Ирена постоянно читала нелегальные газеты, особенно часто «Информационный бюллетень». Там сообщалось о существовании лагерей смерти – Хелмно, Бельжеца и Собибора. Беженцы из Рижского гетто рассказывали, что массовые расстрелы происходили прямо в пригородных лесах. Из Люблинского гетто евреев депортировали в Бельжец. Из этого лагеря никто никогда не возвращался, и газета называла его «фабрикой смерти»…

Треблинка тоже могла оказаться фабрикой смерти. Там тоже вместо жилых бараков были видны только высокие кирпичные трубы. Члены Юденрата и еврейской полиции, однако, убеждали, что опасаться нечего – мол, это просто пересадочная станция для евреев, направляющихся в «трудовые» лагеря или в лагеря «для перемещенных лиц» где-то на востоке. Но где же этот «восток»? Одни говорили об арабских странах, другие – об Украине.
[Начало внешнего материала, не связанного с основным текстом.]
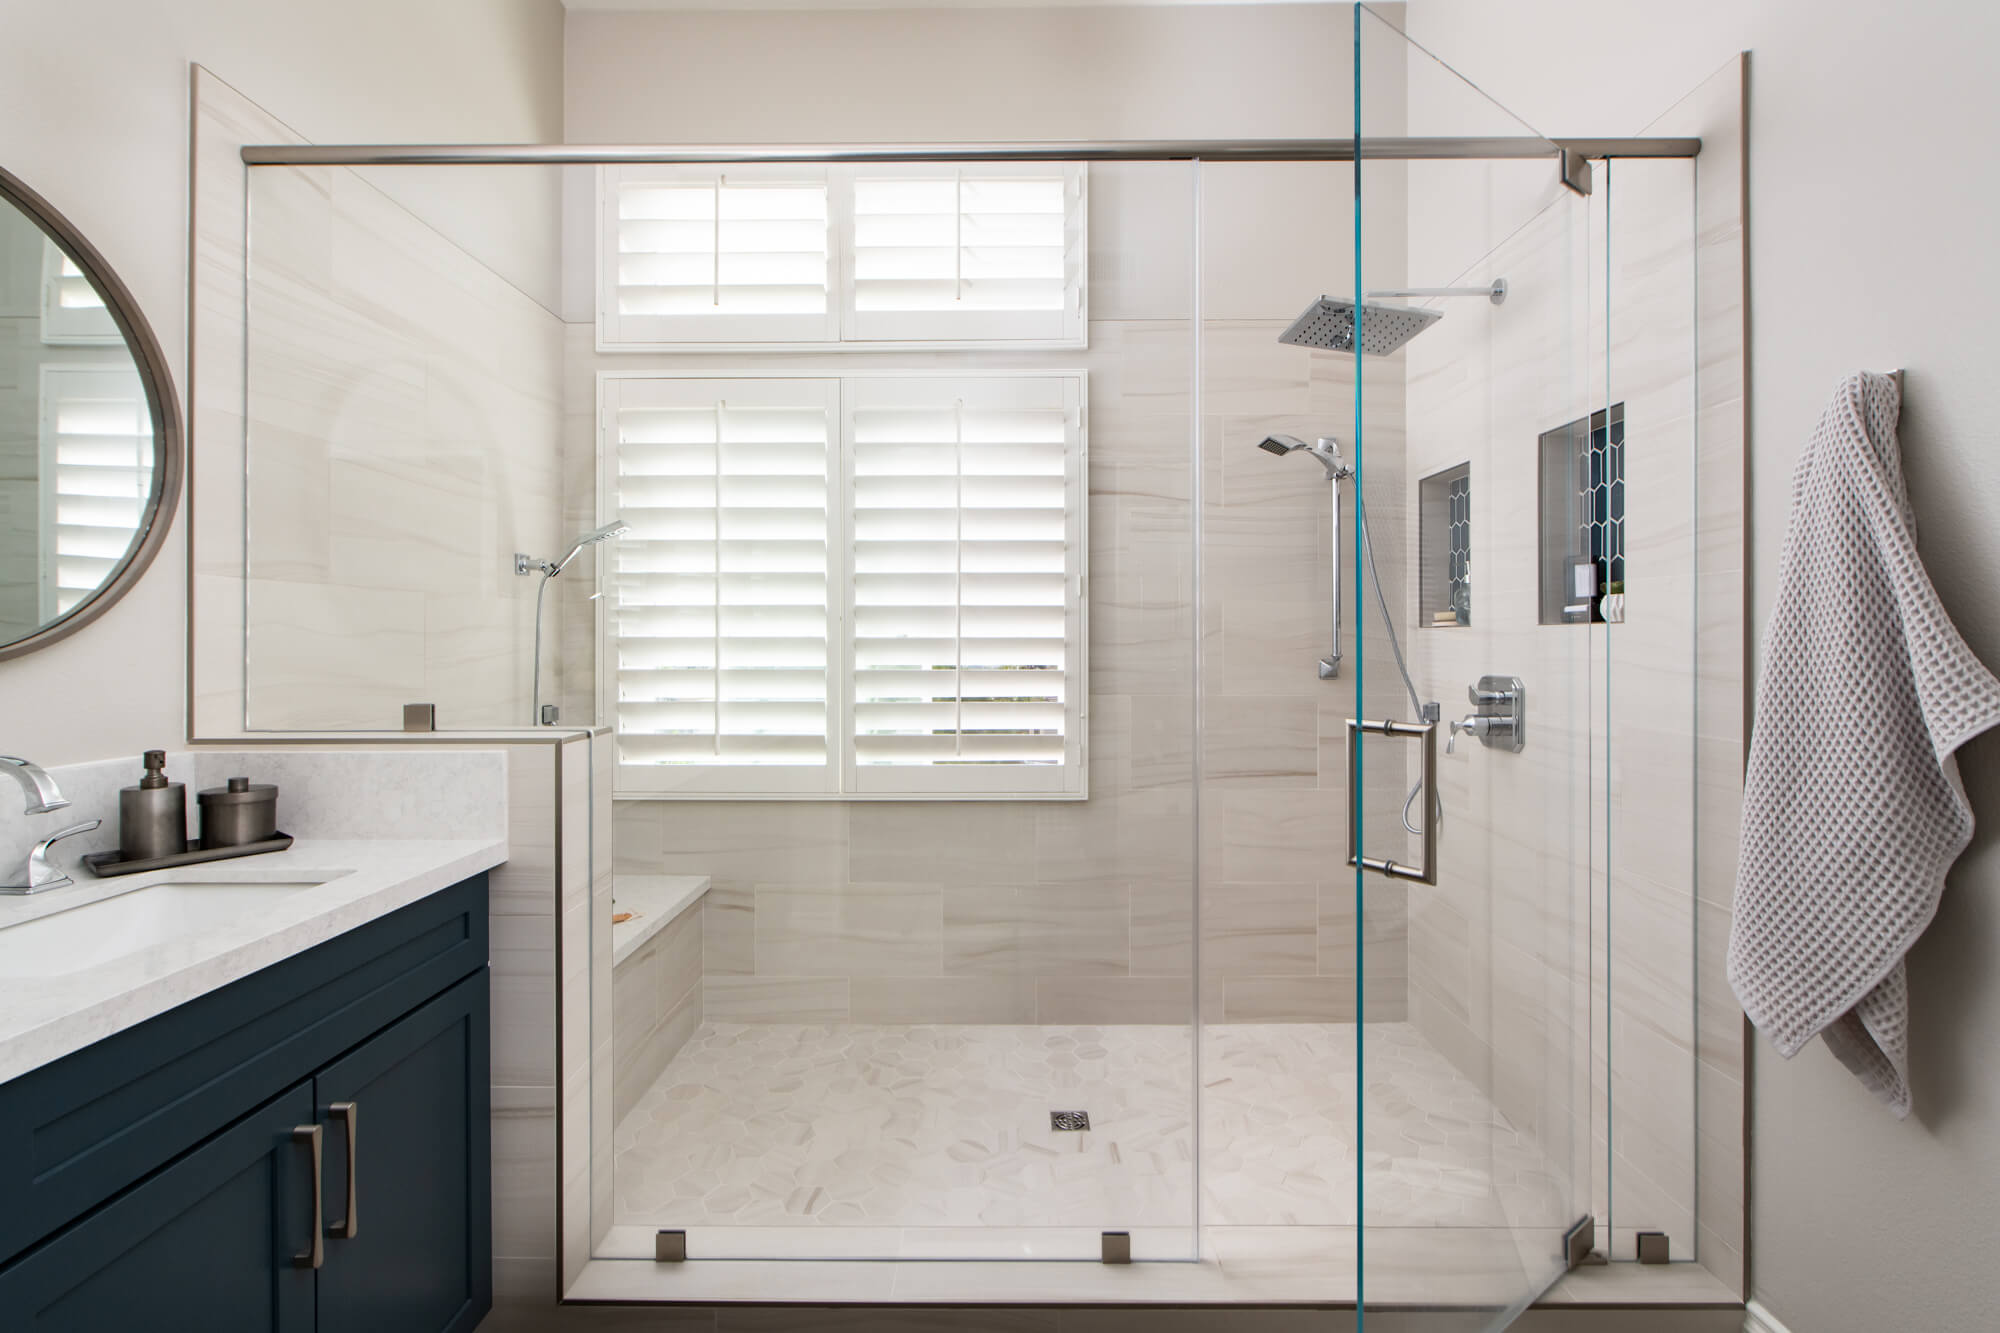 Foothill Ranch master bathroom remodel with large walk-in shower

Любые, даже самые невероятные слухи передавались из уст в уста до тех пор, пока в них не начинали верить, как в абсолютную истину.

В понедельник после Кровавой ночи Ирена прочитала новый немецкий плакат с описанием преступных деяний и казни шестидесяти евреев. Текст заканчивался предупреждением:

Расстрелы будут продолжаться до тех пор, пока будут выходить подпольные газеты. Евреи должны сами положить конец этой преступной деятельности.

Всех активистов подполья и сочувствующих взяли на заметку, и Ирена даже начала задумываться, а нет ли и ее имени в списках подозреваемых. Но подпольную прессу запугать не удалось, следующий выпуск еженедельной газеты «Yediot» («Новости» – ивр.) вышел точно в срок и был гораздо толще, чем обычно.

Весной 1942 года в лексикон каждого еврея вошло новое слово – депортация. И это были уже не просто слухи. «Перемещение еврейского населения в трудовые лагеря» активно обсуждалось в официальной прессе. По всей Польше евреев силой «перевозили железнодорожным транспортом» (по определению немцев) или, по словам подпольных изданий, «транспортировали в вагонах для скота»… куда? Эти люди просто-напросто исчезали без следа.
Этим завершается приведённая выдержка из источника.